The paper addresses a long‑standing gap in our understanding of kinesin’s 8‑nm stepping motion, which occurs on a sub‑100 µs timescale and is therefore invisible to most experimental techniques. The authors combine explicit atomic models of a kinesin dimer and a 13‑protofilament microtubule (MT) with a novel computational framework that treats the stepping process as a diffusion of the tethered head on a time‑dependent potential of mean force (PMF). Two extreme PMFs are generated: one for a fully disordered neck‑linker (λ = 0) and one for a fully docked neck‑linker (λ = 1). The λ = 1 landscape contains a deep basin at the forward binding site (e) and a broad, entropically driven basin (S) separated by modest barriers (1‑2 kBT in the x‑z and x‑y projections, 4‑5 kBT in y‑z). In contrast, the λ = 0 landscape favors a side‑binding site (c) on an adjacent protofilament, which offers only about one‑third of the native contacts compared with the correct site e, making it a metastable, poorly bound intermediate.

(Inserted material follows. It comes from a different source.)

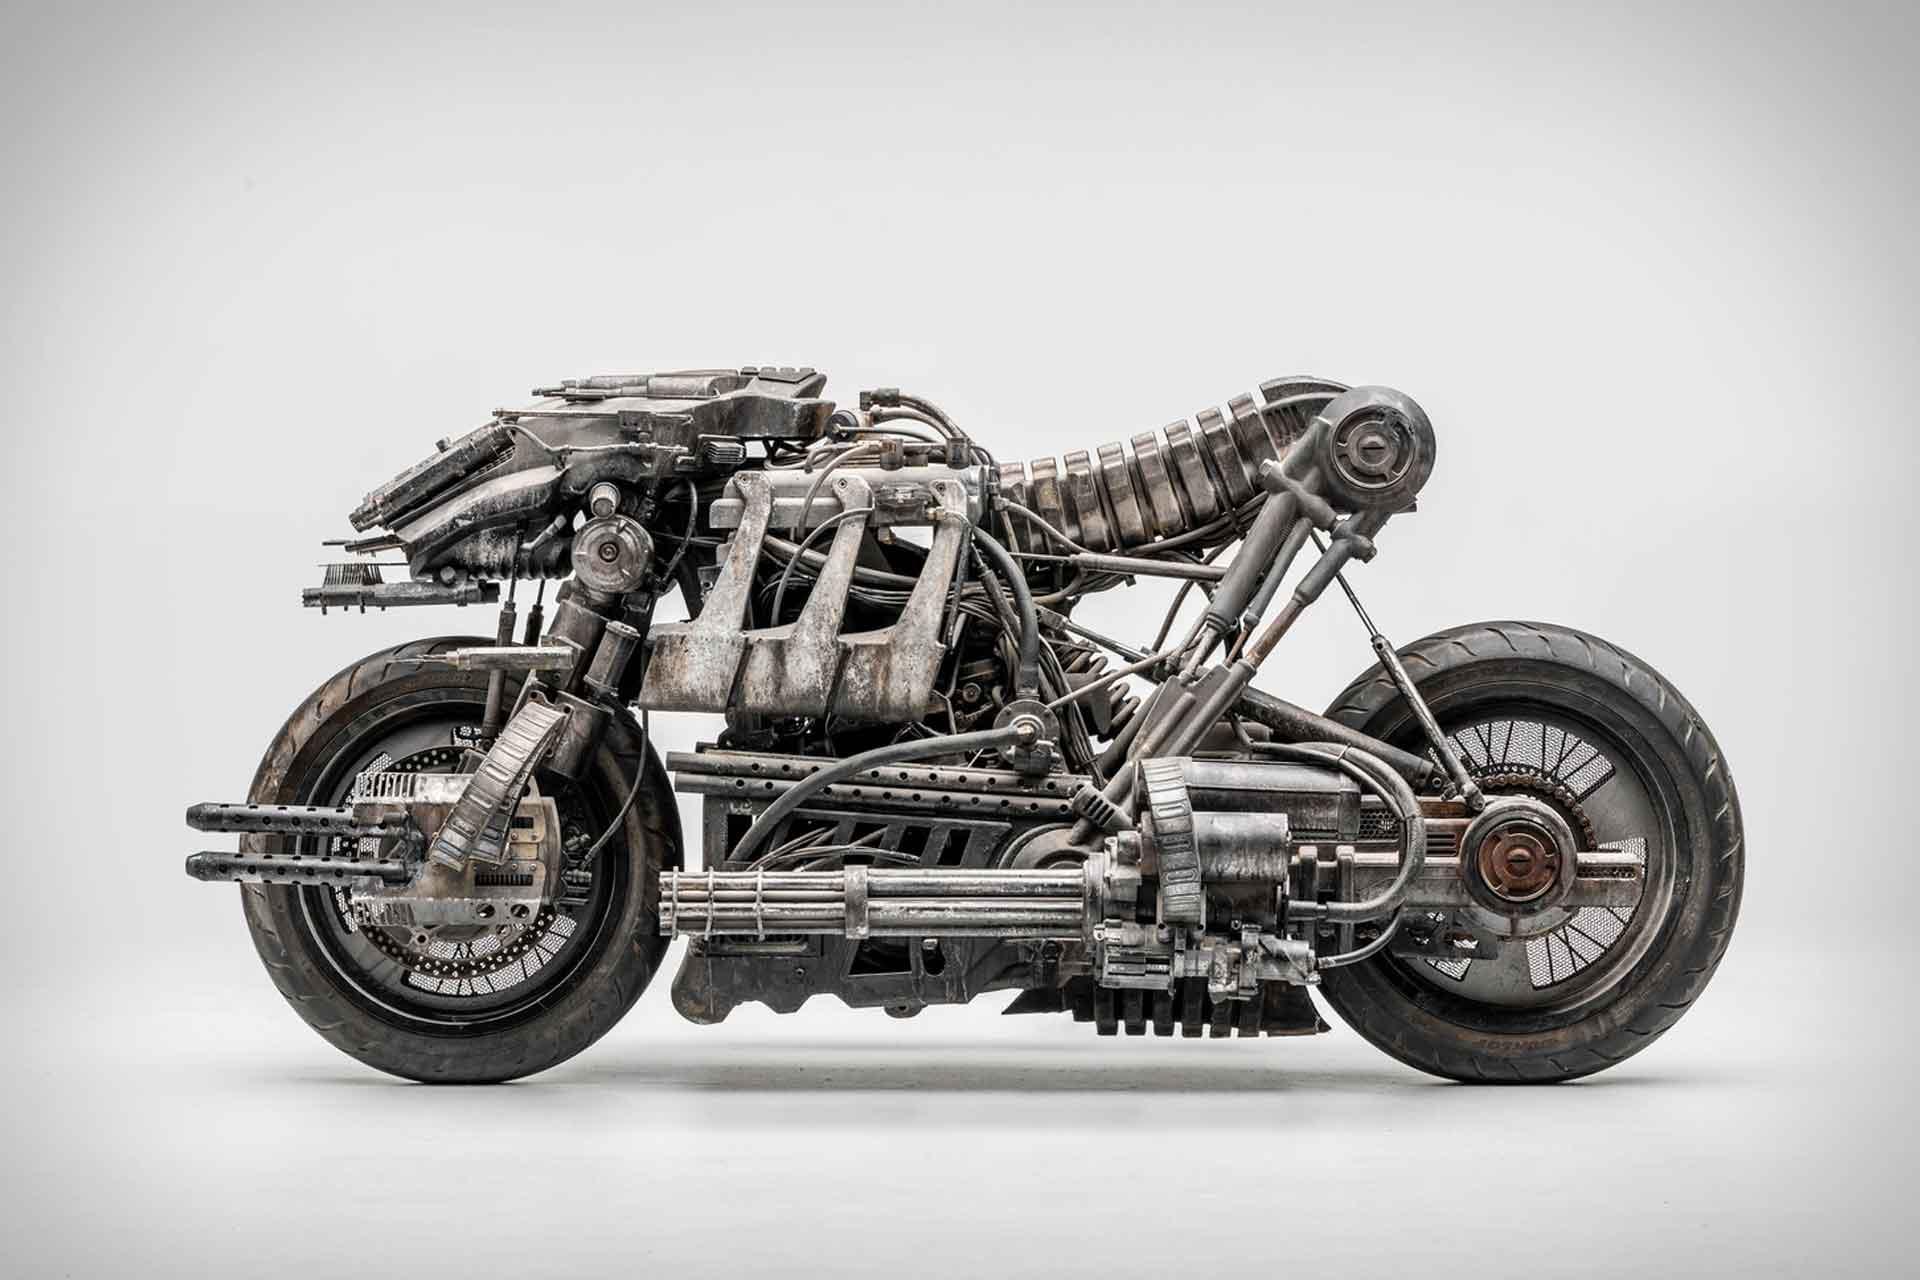 2017 Skynet Moto-Terminator Ducati Motorcycle

The stepping dynamics are modeled as a “reflected diffusion” where the neck‑linker docking (the power stroke) acts as a moving reflecting boundary that gradually restricts the accessible region for the tethered head. The transition from λ = 0 to λ = 1 is parameterized by a rate kp = τp⁻¹, and the combined PMF is interpolated linearly in time (Eq. 1). Brownian dynamics simulations of a quasi‑particle representing the head centroid are performed with an effective diffusion coefficient D_eff = 2 µm² s⁻¹, reproducing the experimental temporal resolution (~20 µs). By varying τp, the authors quantify how many trajectories become trapped in the side site c before reaching the forward site e.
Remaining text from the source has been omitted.